(What the task requires)
Quote the whole listing word for word. Do not include the pictures.

(Data segment)
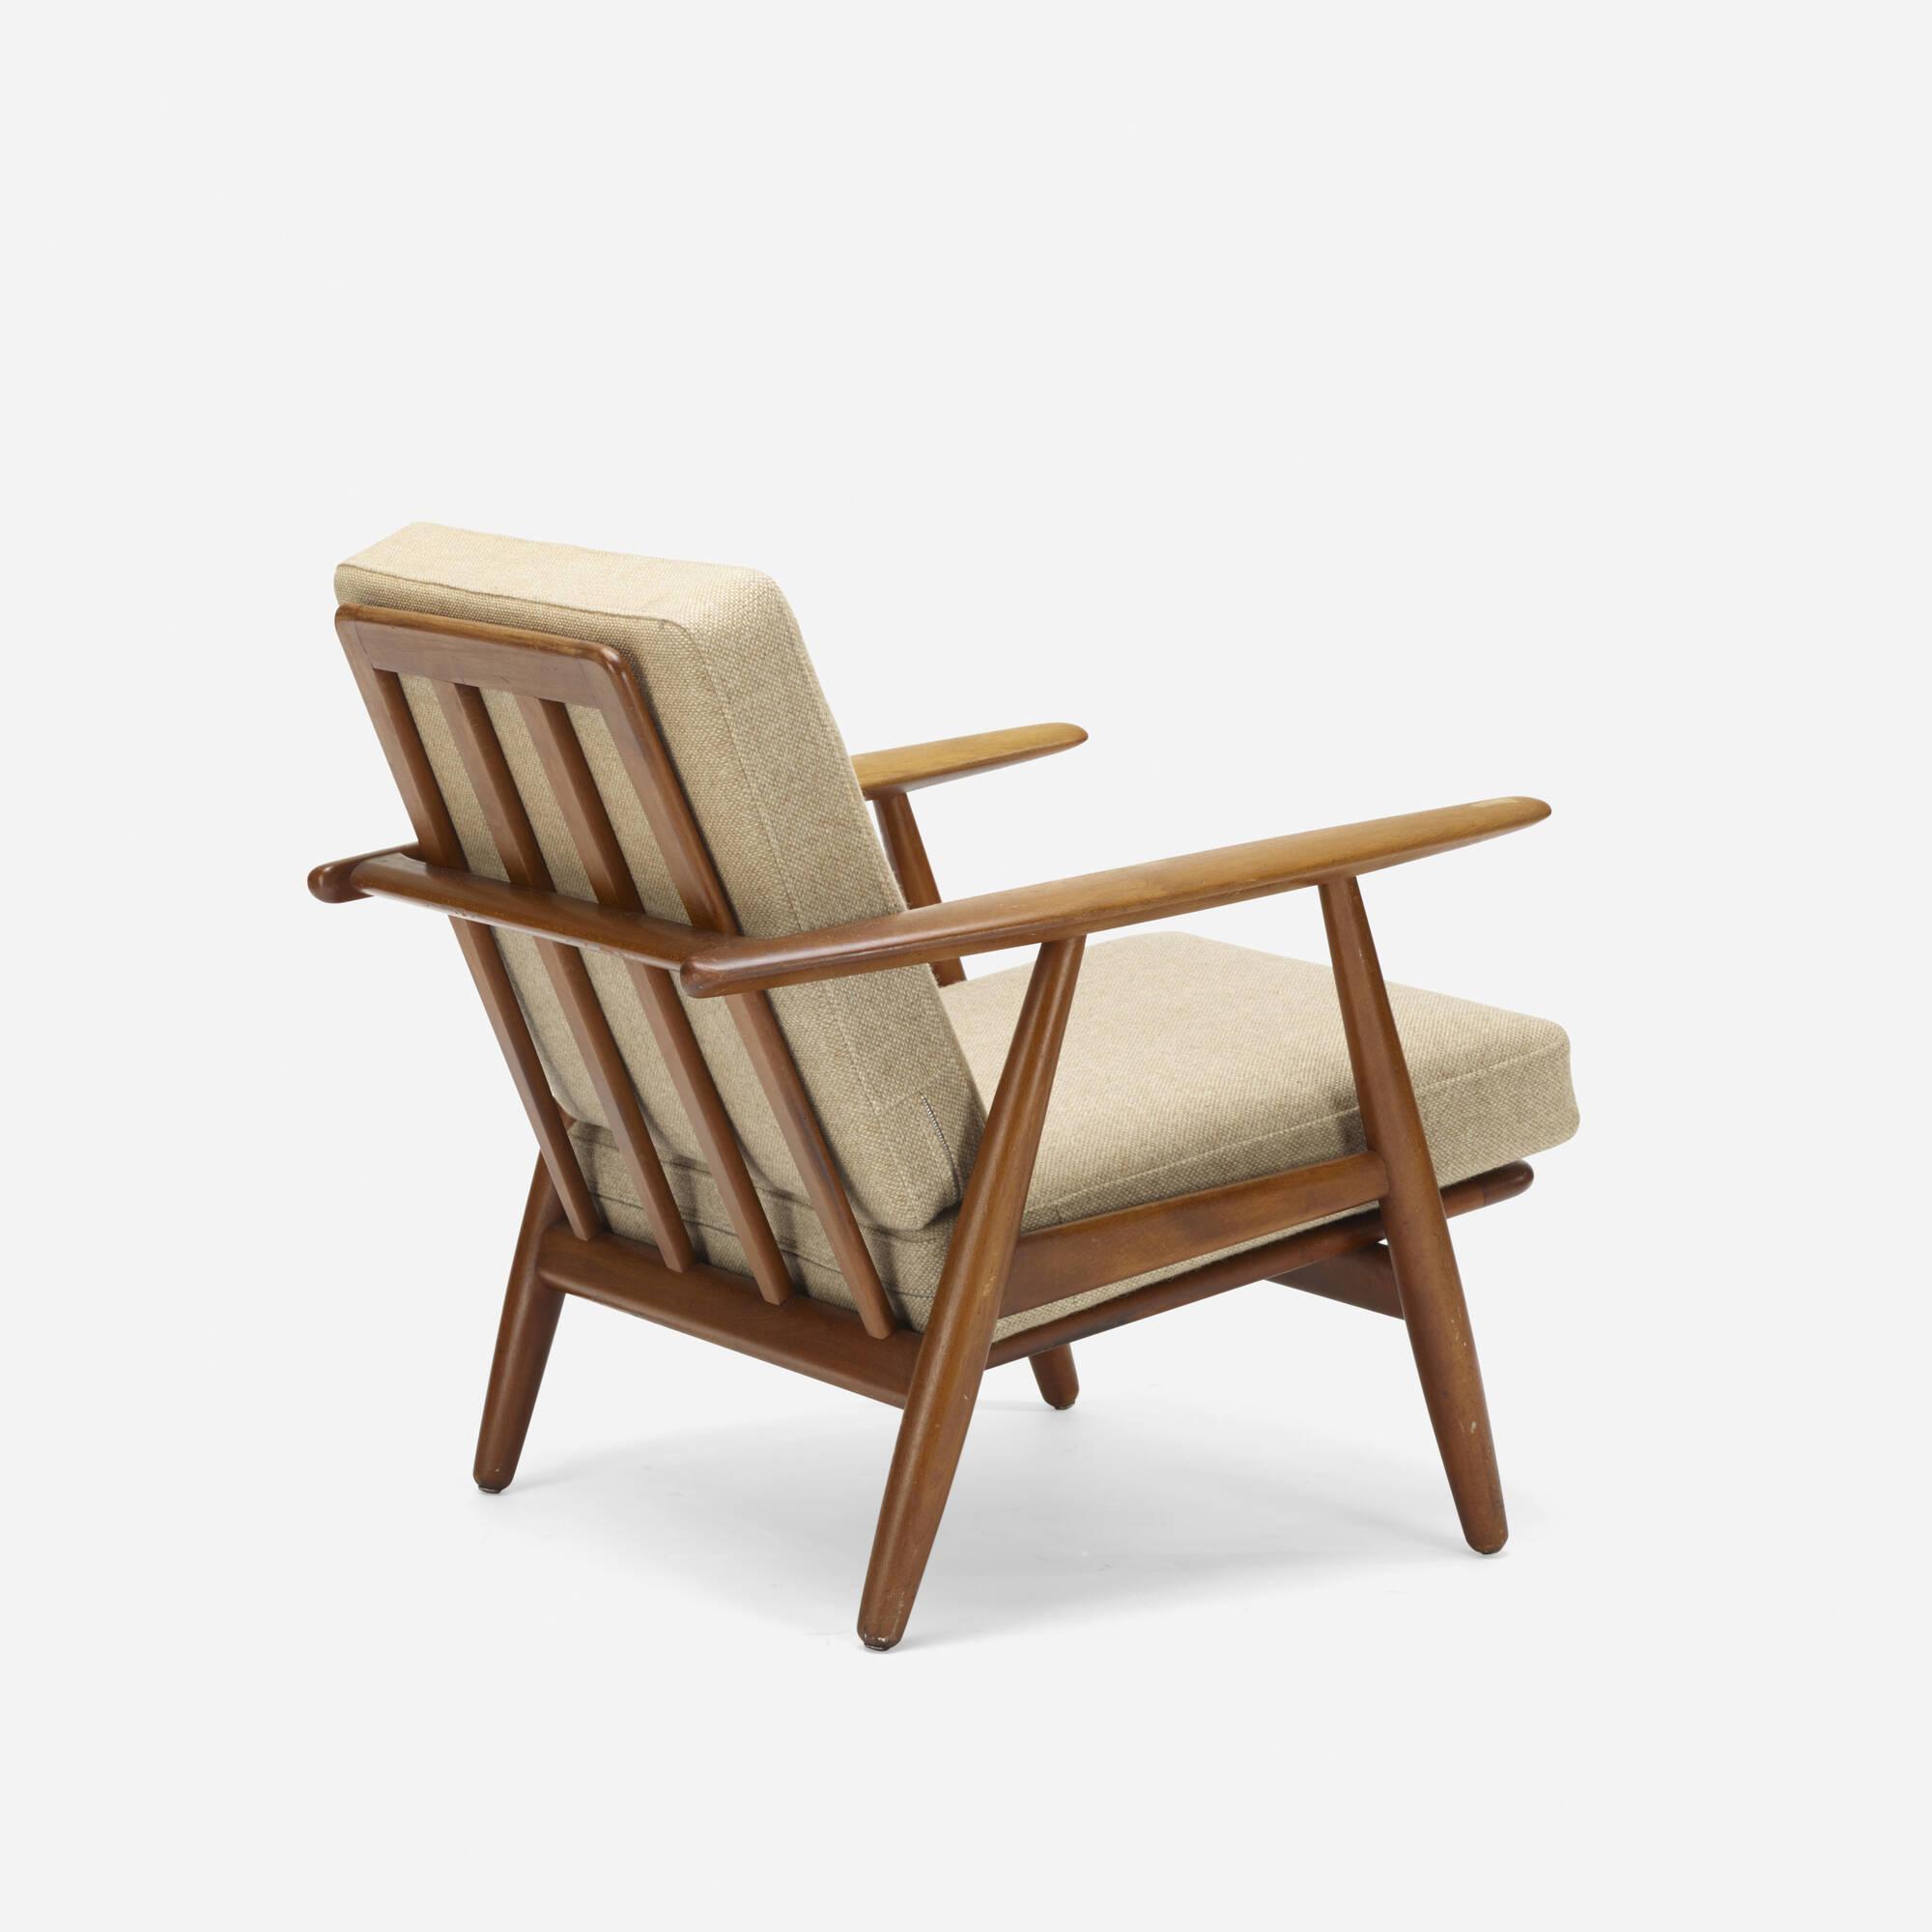 Exceptionnel 151: Hans J. Wegner / Lounge Chair, Model GE240 (1 Of 2
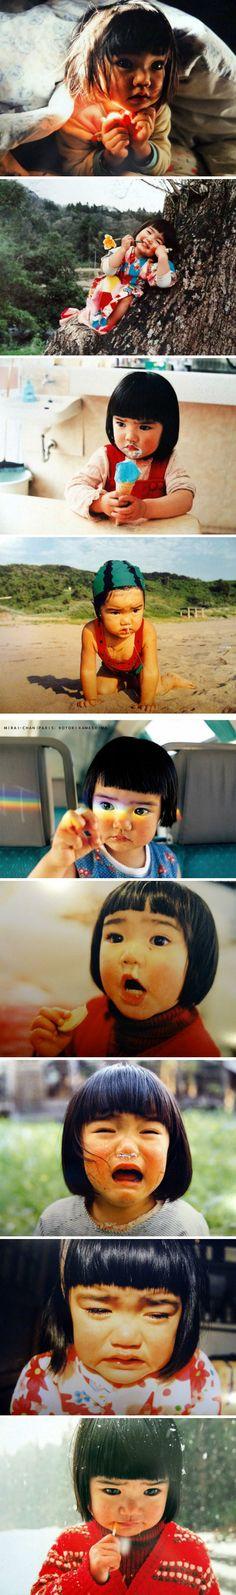 Japanese child. By 川岛小鸟的《未来ちゃん》
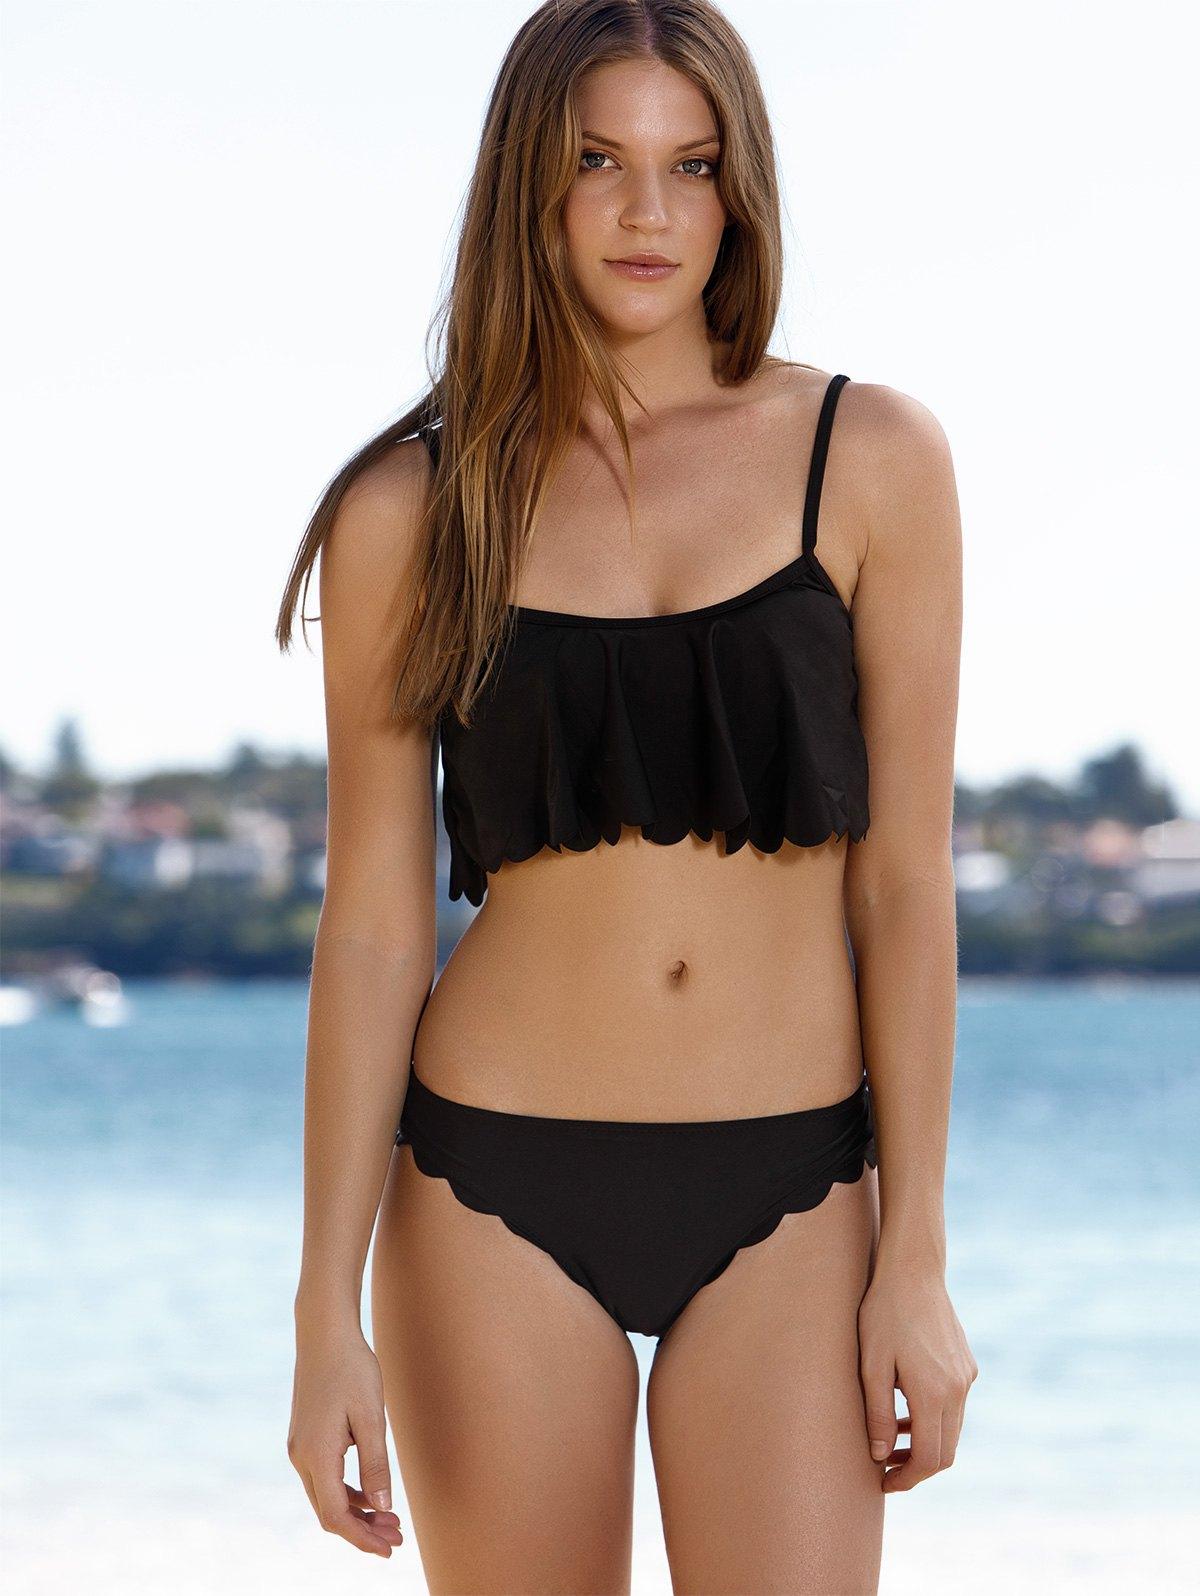 Cami Black Ruffles Bikini Set 145909504
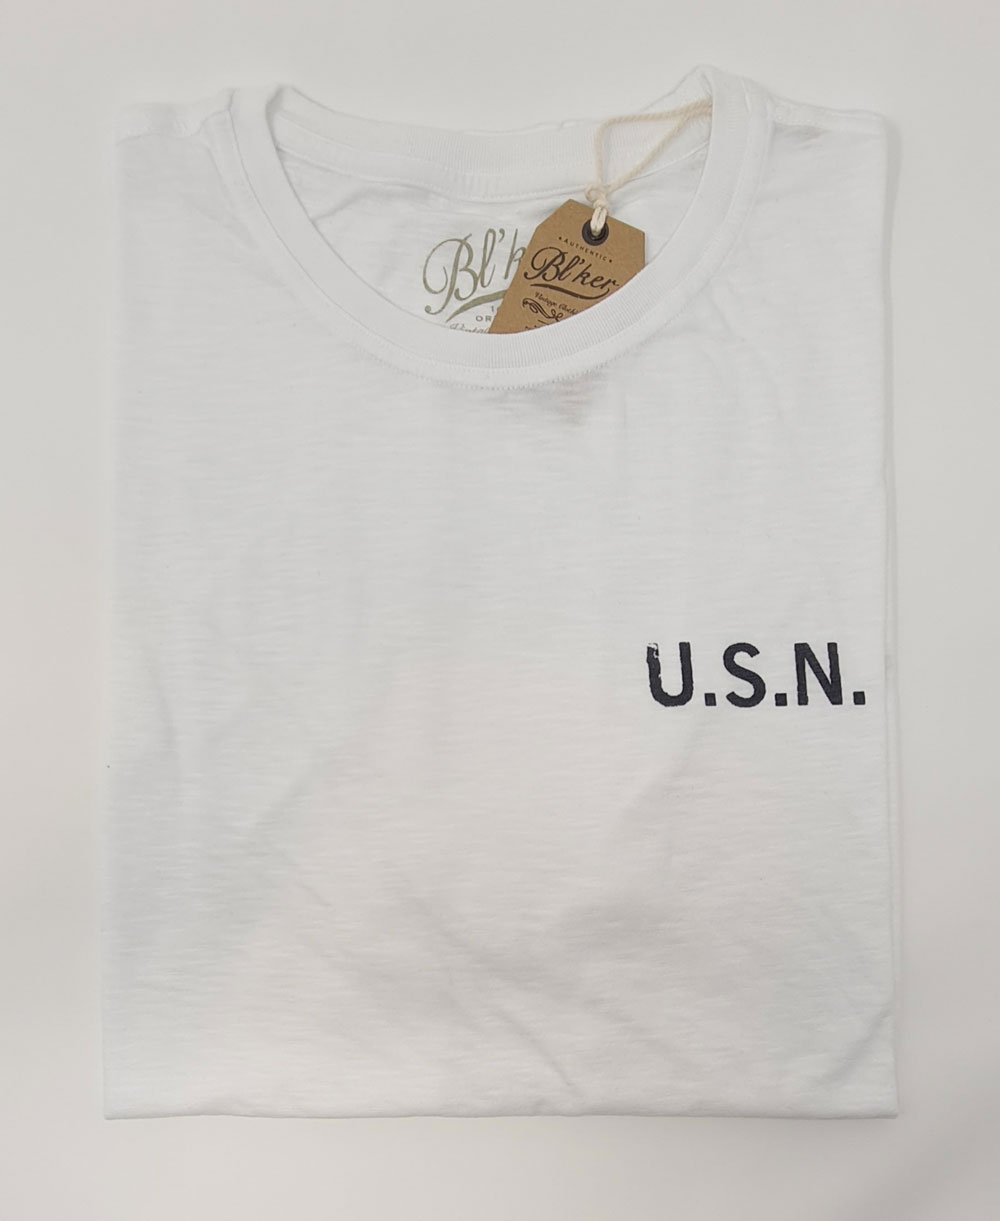 Herren Kurzarm T-Shirt USN 2021 White

(Problem solution)
 Exceptionnel 151: Hans J. Wegner / Lounge Chair, Model GE240 (1 Of 2
 Japanese child. By 川岛小鸟的《未来ちゃん》
 Cami Black Ruffles Bikini Set 145909504
 Herren Kurzarm T-Shirt USN 2021 White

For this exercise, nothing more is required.